The ants seem to favour upper pitchers and rarely colonise lower pitchers. This is likely because terrestrial traps are periodically submerged in water during heavy rains. Flooding of the ants' nest chamber could result in the death of the developing eggs, larvae, and pupae.
C. schmitzi nests solely in the tendrils of N. bicalcarata and rarely ventures onto other plants. The species is completely dependent on N. bicalcarata for food and domicile. N. bicalcarata, on the other hand, is able to survive and reproduce without the presence of the ants; it is a facultative mutualist. This being the case, there appear to be few mature plants over 2 m (6.6 ft) in height not colonised by C. schmitzi.
John Thompson suggests that N. bicalcarata may be the only plant species that obtains nutrients through both insect capture and ant-hosting habits.

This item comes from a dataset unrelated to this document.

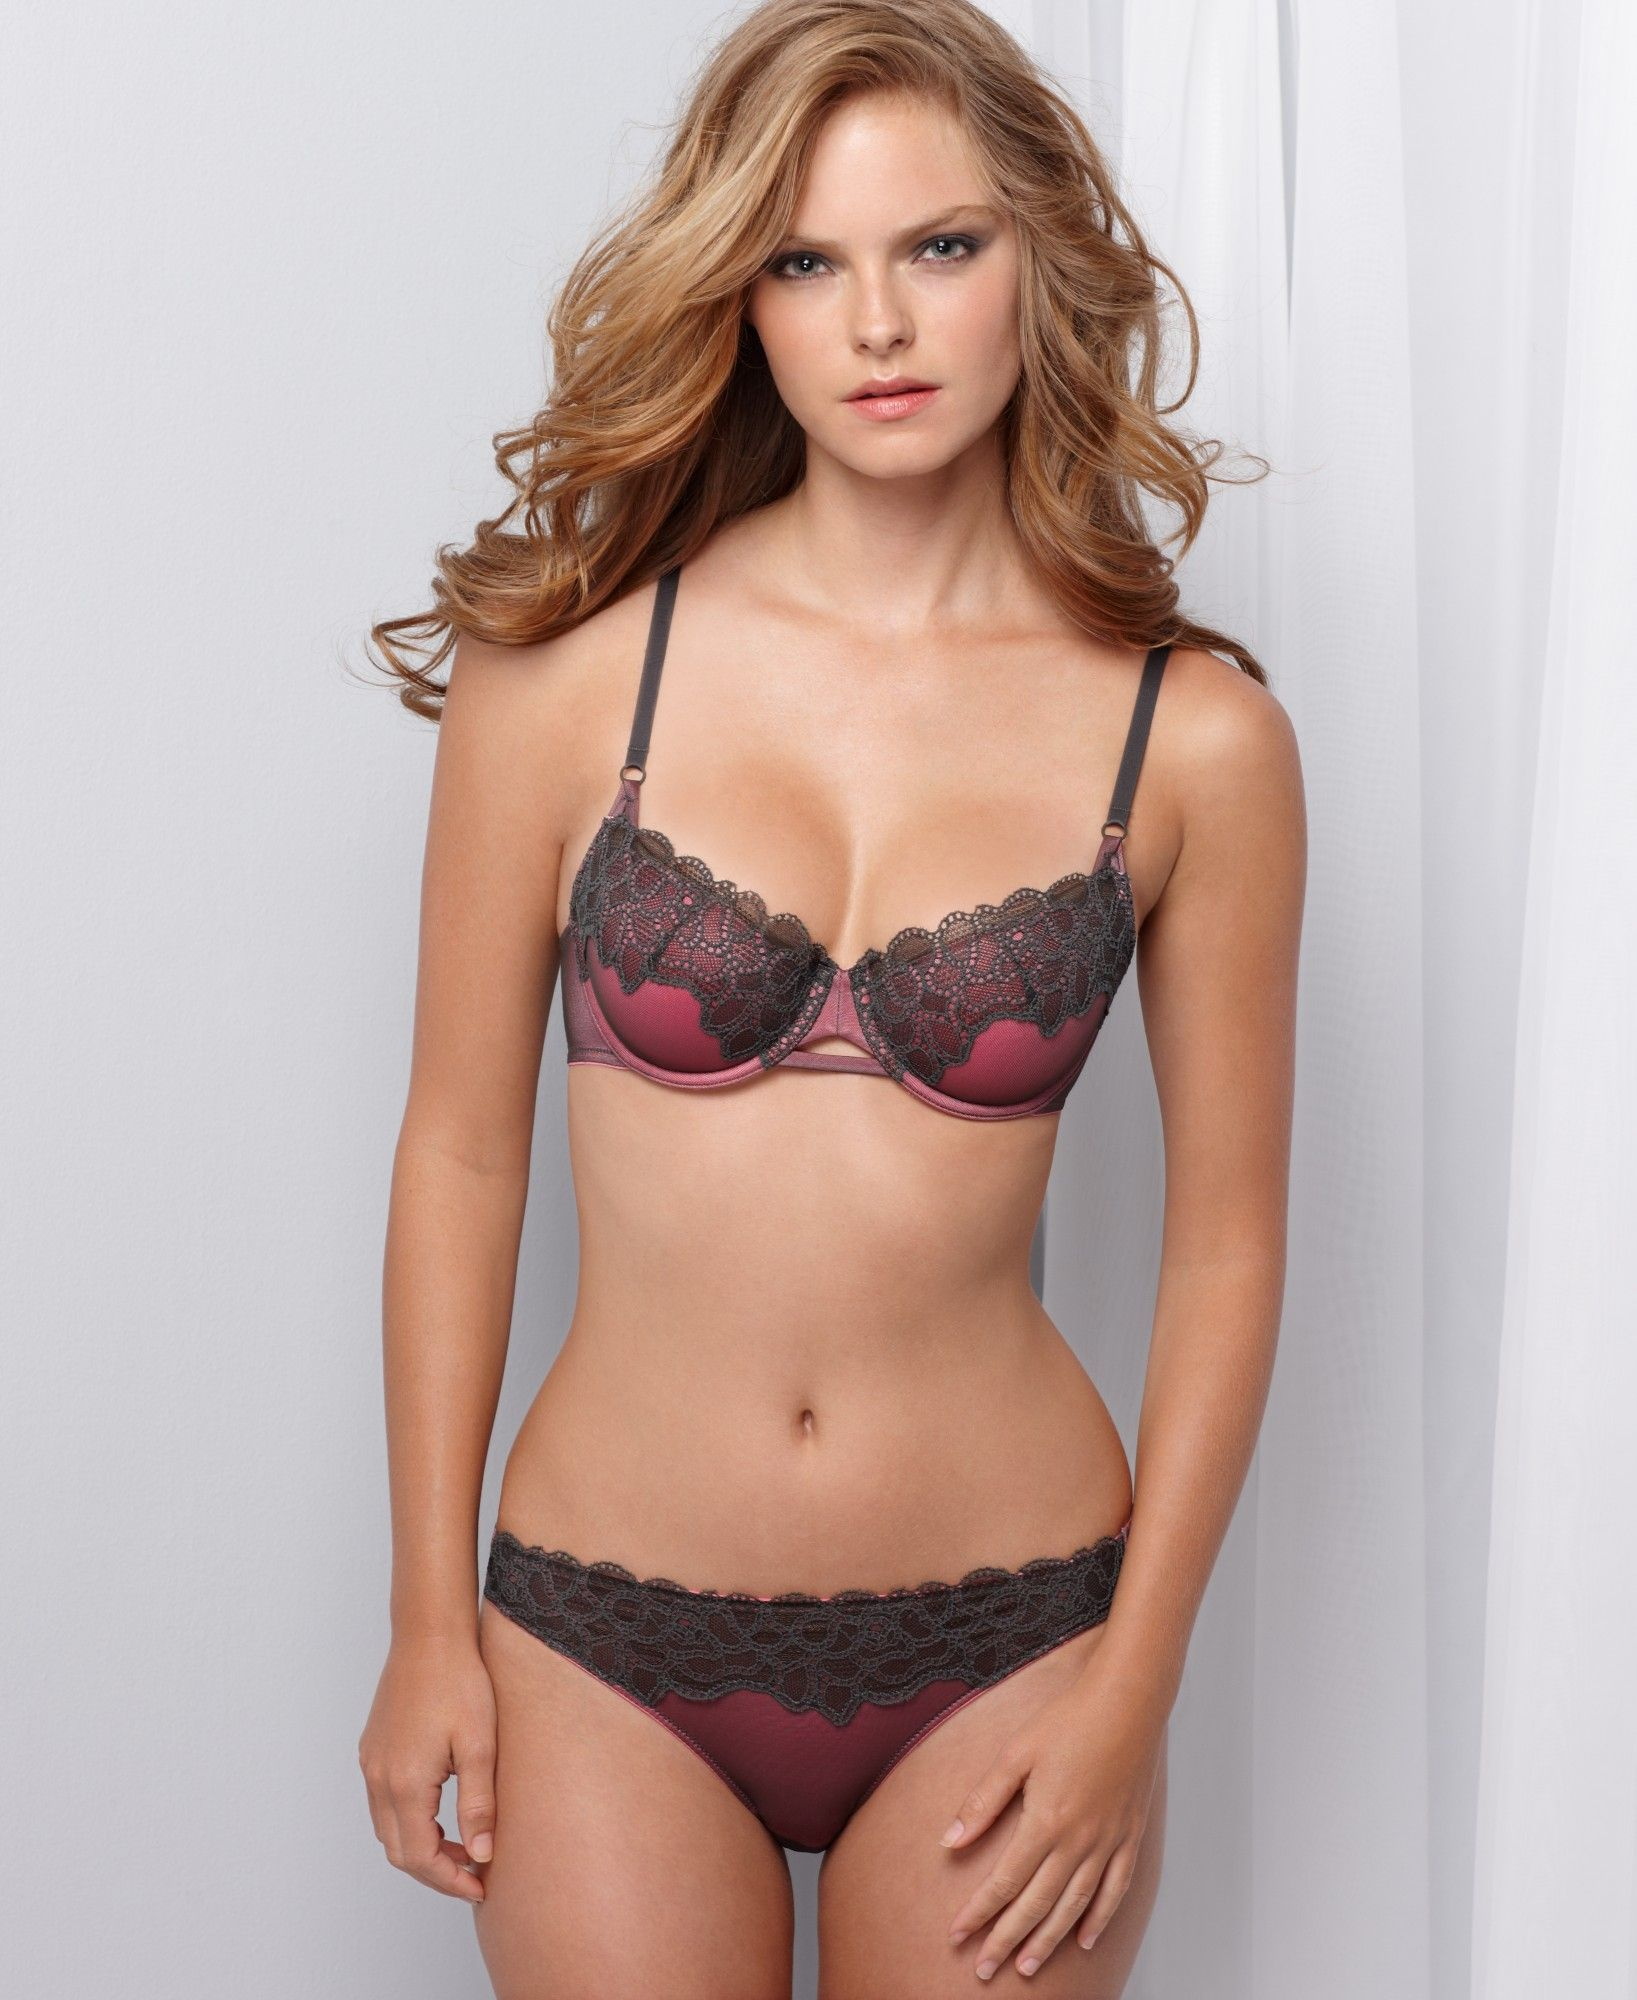 Jessica_Perez_13.jpg   Models Rating

In addition to Clarke & Kitching (1995), three more theories have been investigated so far to explain the symbiotic relationship between ant and plant. In an exclusion experiment it was shown that plants without C. schmitzi receive greater herbivory damage, and the ants seem to specifically attack a certain weevil (Alcidodes sp.) that feeds on pitcher plants. Furthermore, data has been collected that hints to an aggressiveness of C. schmitzi against prey animals that try to escape from the pitchers, thus enhancing the retention rate. Another mechanism appears to be a host-cleaning behaviour of C. schmitzi: the ants remove debris and mold from the peristome, which thus remains smooth and slippery and has a longer operational lifespan.